Another aspect to be considered is prediction of therapeutic response. As new therapies enter clinical trials, the role of Aβ imaging in vivo is becoming increasingly crucial. Αβ imaging allows the in vivo assessment of brain Αβ pathology and its changes over time, providing highly accurate, reliable and reproducible quantitative statements of regional or global Aβ burden in the brain. As mentioned before, therapies, especially those targeting irreversible neurodegenerative processes, have a better chance to succeed if applied early, making early detection of the underlying pathological process so important. Therefore, Aβ imaging is an ideal tool for the selection of adequate candidates for anti-Aβ therapeutic trials while also monitoring—and potentially predicting—treatment response, thus aiding in reducing sample size, minimising cost while maximising outcomes. Preliminary studies are already showing the utility of this technique (Rinne et al. 2010; Ostrowitzki et al. 2012). These preliminary results, taken together with the results from longitudinal studies, support the growing consensus that anti-Aβ therapy to be effective may need to be given early in the course of the disease, perhaps even before symptoms appear (Sperling et al. 2011b), and that downstream mechanisms may also need to be addressed to successfully prevent the development of AD. Furthermore, the slow rate of Aβ deposition indicates that the time window for altering Aβ accumulation prior to the full manifestation of the clinical phenotype may be very wide (Villemagne et al. 2011b).
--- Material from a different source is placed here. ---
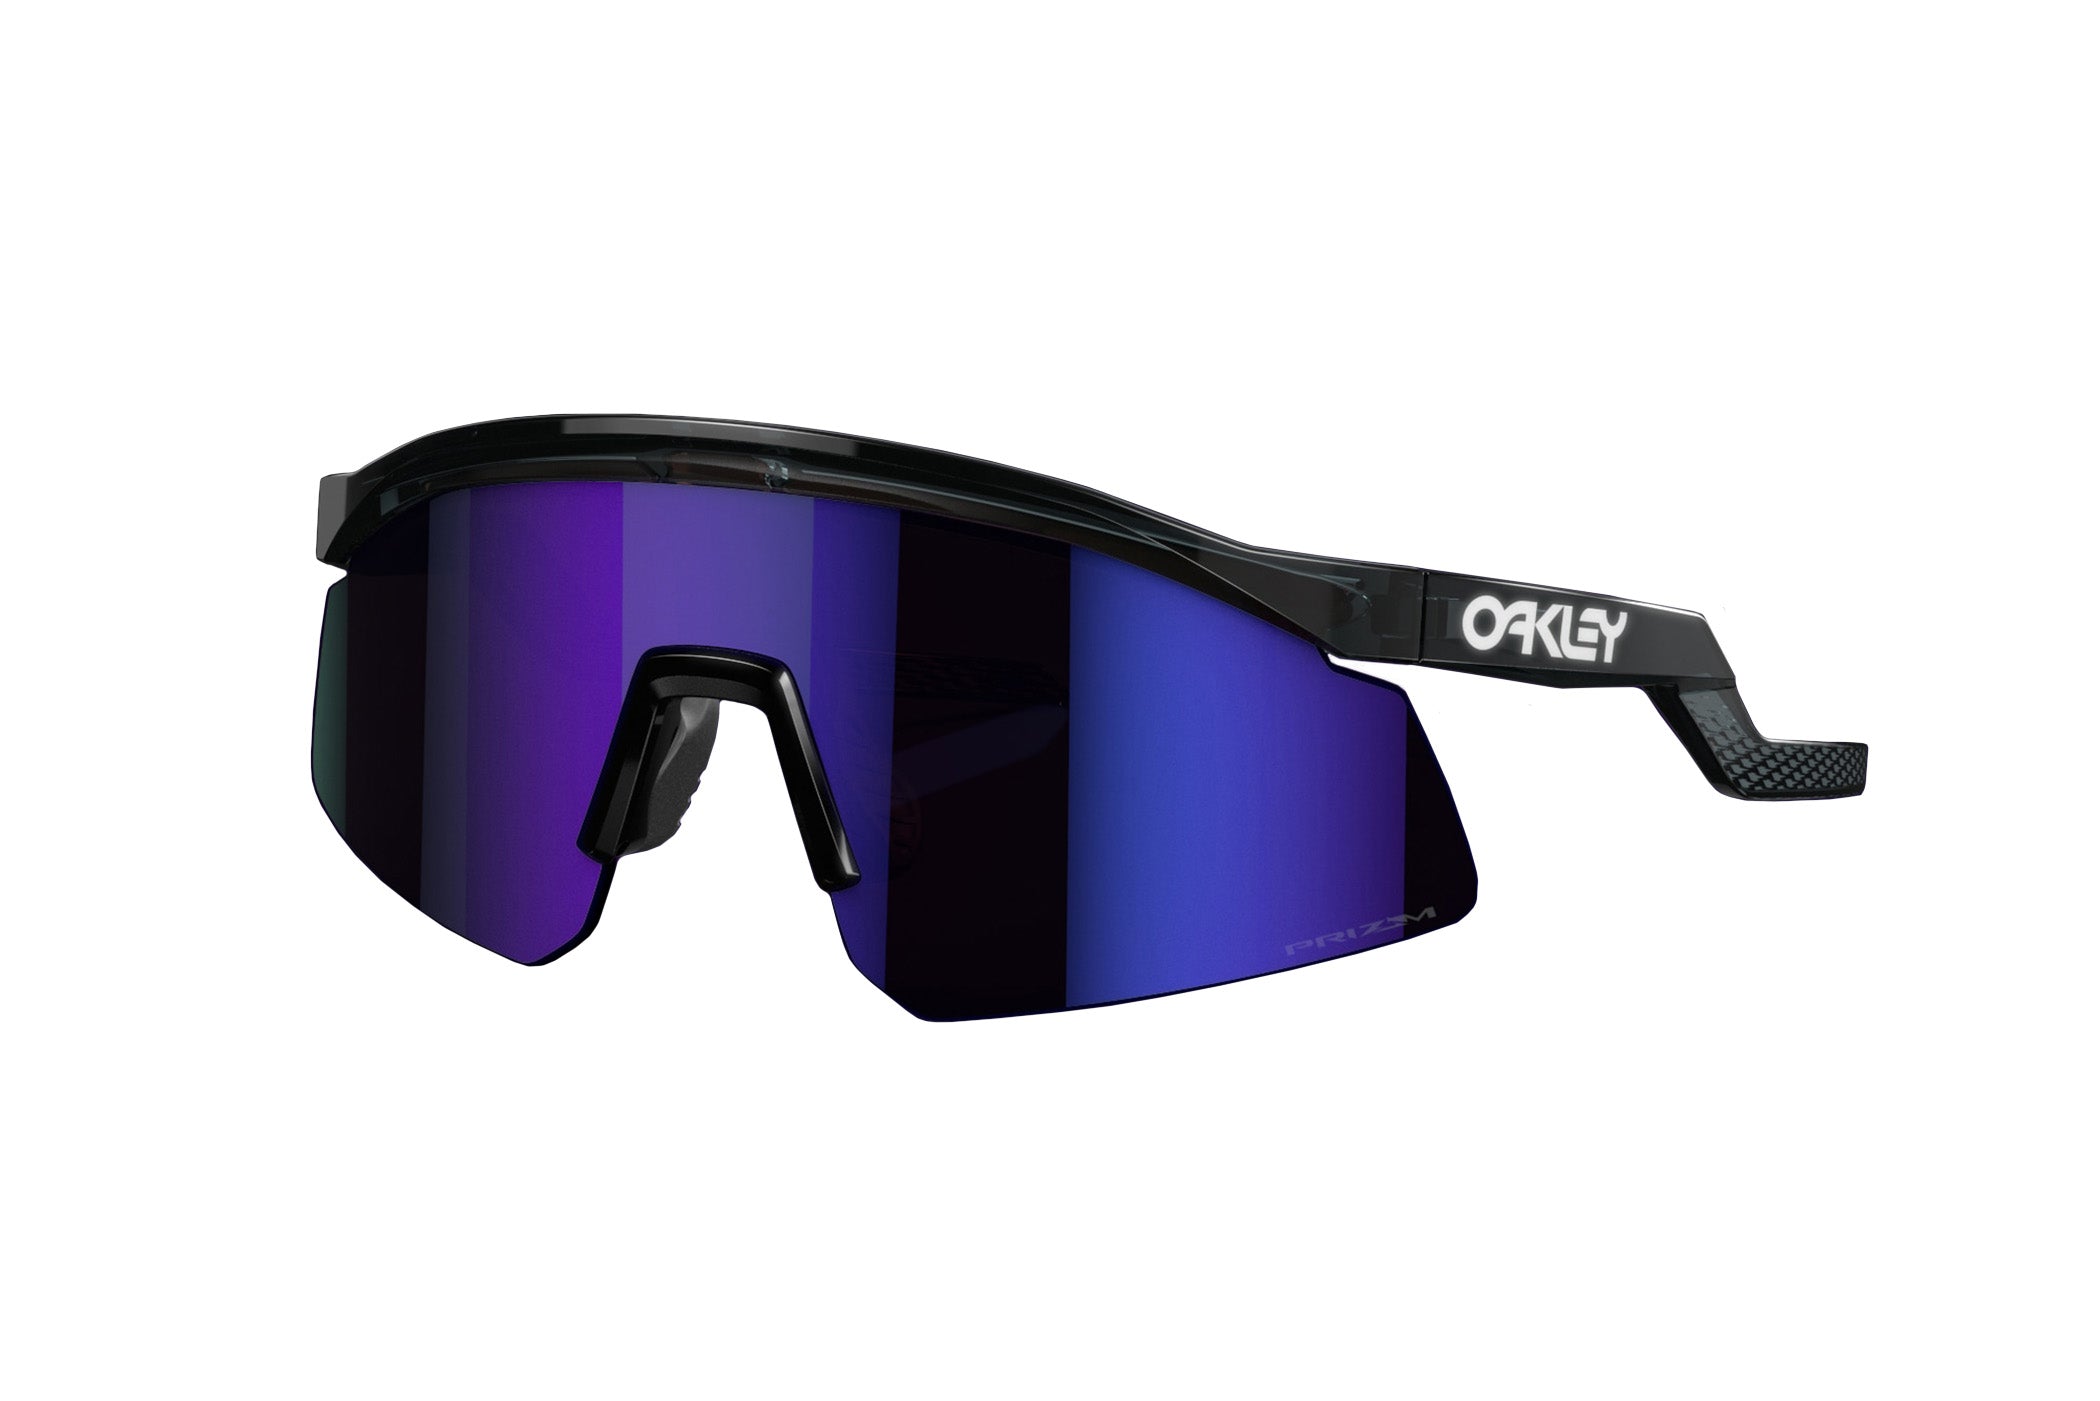 Oakley Hydra Sunglasses The Pro's

The introduction of radiotracers for the noninvasive in vivo quantification of Αβ burden in the brain has revolutionised the approach to the evaluation of AD. Αβ imaging has extended our insight into Aβ deposition in the brain, where Aβ burden as measured by PET matches histopathological reports of Αβ distribution in aging and dementia, and it appears more accurate than FDG for the diagnosis of AD and is an excellent aid in the differential diagnosis of AD from FTLD (Mathis et al. 2005, 2007; Johnson 2006; Villemagne et al. 2008a, 2012b; Jagust 2009; Rabinovici and Jagust 2009; Drzezga 2010; Klunk 2011). ApoE ε4 carriers, independent of diagnosis or disease severity, present with higher Aβ burden than non-ε4 carriers, and high retention of Aβ radiotracers closely corresponds with low CSF Aβ levels and increasing age (Reiman et al. 2009a; Fagan and Holtzman 2010; Morris et al. 2010; Rowe et al. 2010). Although Αβ burden as assessed by PET does not strongly correlate with cognitive impairment in AD, it does correlate with memory impairment and a higher risk for cognitive decline in the aging population and MCI subjects. This correlation with memory impairment, one of the earliest symptoms of AD, suggests that Αβ deposition is not part of normal aging, supporting the hypothesis that Αβ deposition occurs well before the onset of symptoms and it likely represents preclinical AD in asymptomatic individuals and prodromal AD in MCI. Further longitudinal observations, coupled with different disease-specific biomarkers to assess potential downstream effects of Aβ, are required to confirm this hypothesis and further elucidate the role of Αβ deposition in the course of Alzheimer’s disease.